A new facility which has opened in Bradford means young people with disabilities can live closer to home.

The opening of Valley View House will also save Bradford Council “hundreds of thousands of pounds”.

The respite home, in Lister Lane, Bradford, is a former school that has been fully refurbished and converted to offer care to 11 young people.

Its opening marks the end of a four-year Respite Review in the Bradford district, which has included major investment by the Council to modernise and improve respite facilities for young people with disabilities.

Coun Ralph Berry, Bradford Council’s executive member for children and young people’s services, said: “This project over the last four years has ensured that in Bradford and throughout the district we can now meet the needs of young people and provide excellent facilities for disabled children and their families.

“The opening of Valley View House marks a real milestone and will mean so much to our young people with complex and profound health needs.”

He said the “wonderful” new facility was a good example of ‘investing to save’ and meant money the Council was spending on residential care, which could be far away, would be saved. “We’ve been paying quite considerable sums of money,” he said.
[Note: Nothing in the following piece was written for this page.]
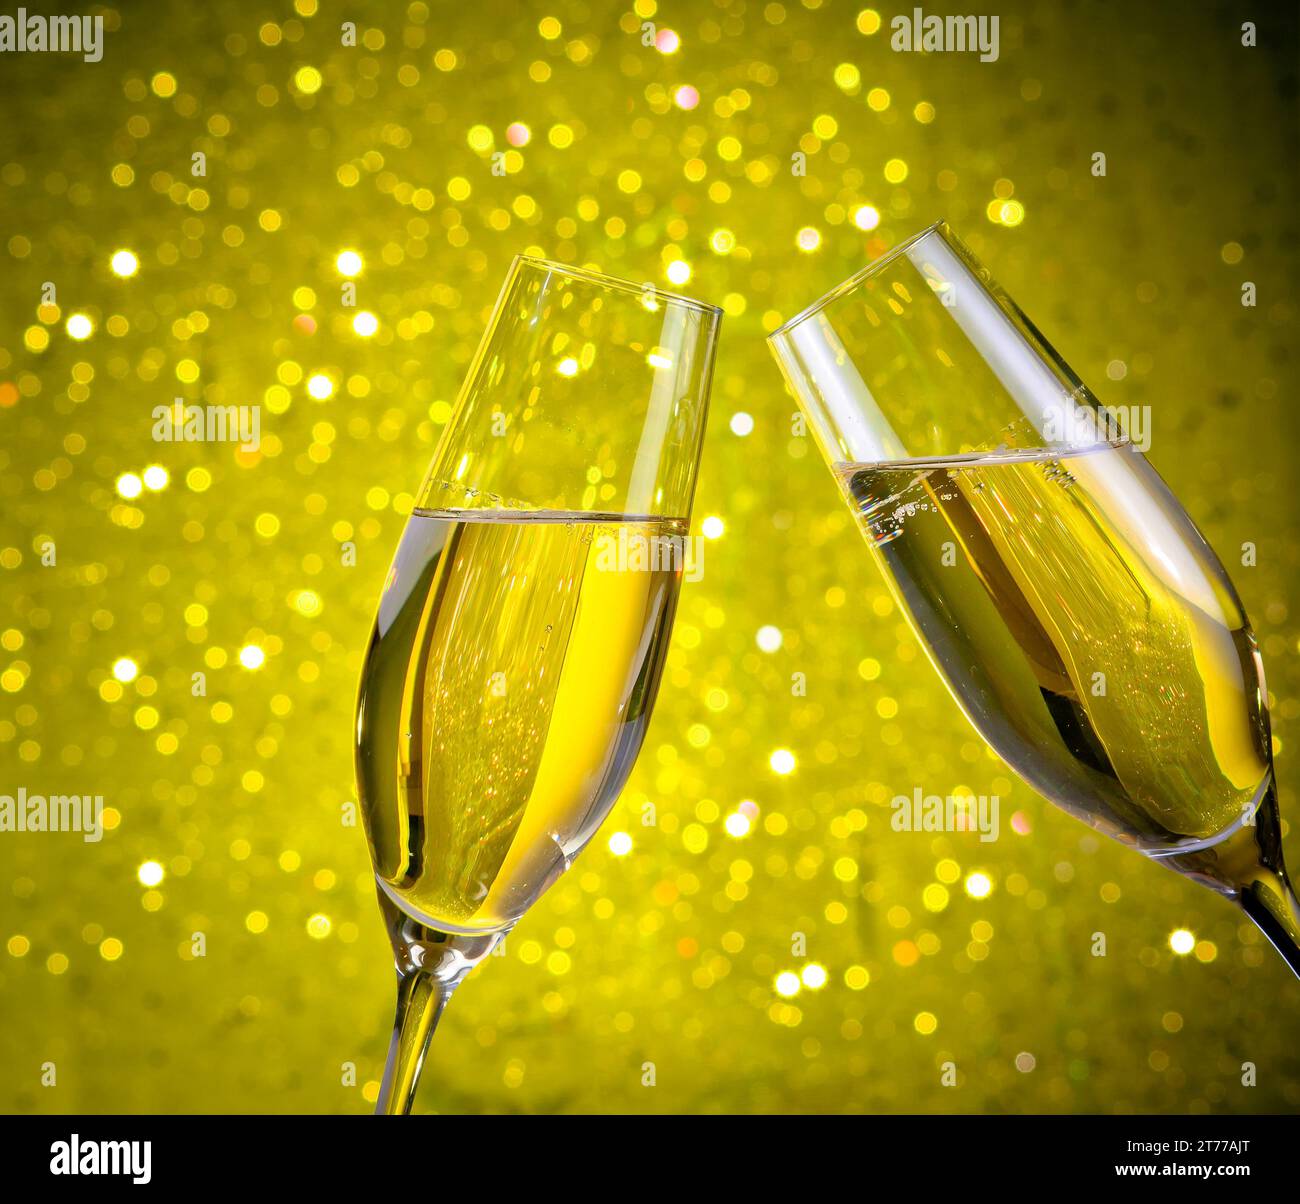 un paio di flauti di champagne con bolle d'oro fanno il tifo su sfondo giallo chiaro bokeh Foto Stock

Valley View House has scope for further development, including specialist education provision, and also has a pool. “This is bringing right back into the heart of Bradford, provision that was having to be sent right out of the district at considerable cost.

“I’m not saying we’ll never send people to private care, we might have to in the future – we know we have these needs in Bradford,” Coun Berry said.

Review work has also included the relocation of St Stephen’s respite home for young people with complex health needs to a fully refurbished site at Wedgewood School in Holme Wood; refurbishing and extending Clockhouse respite home in Keighley and the refurbishment and revision of provision at Brunswick Road to a long- term home for children with disabilities.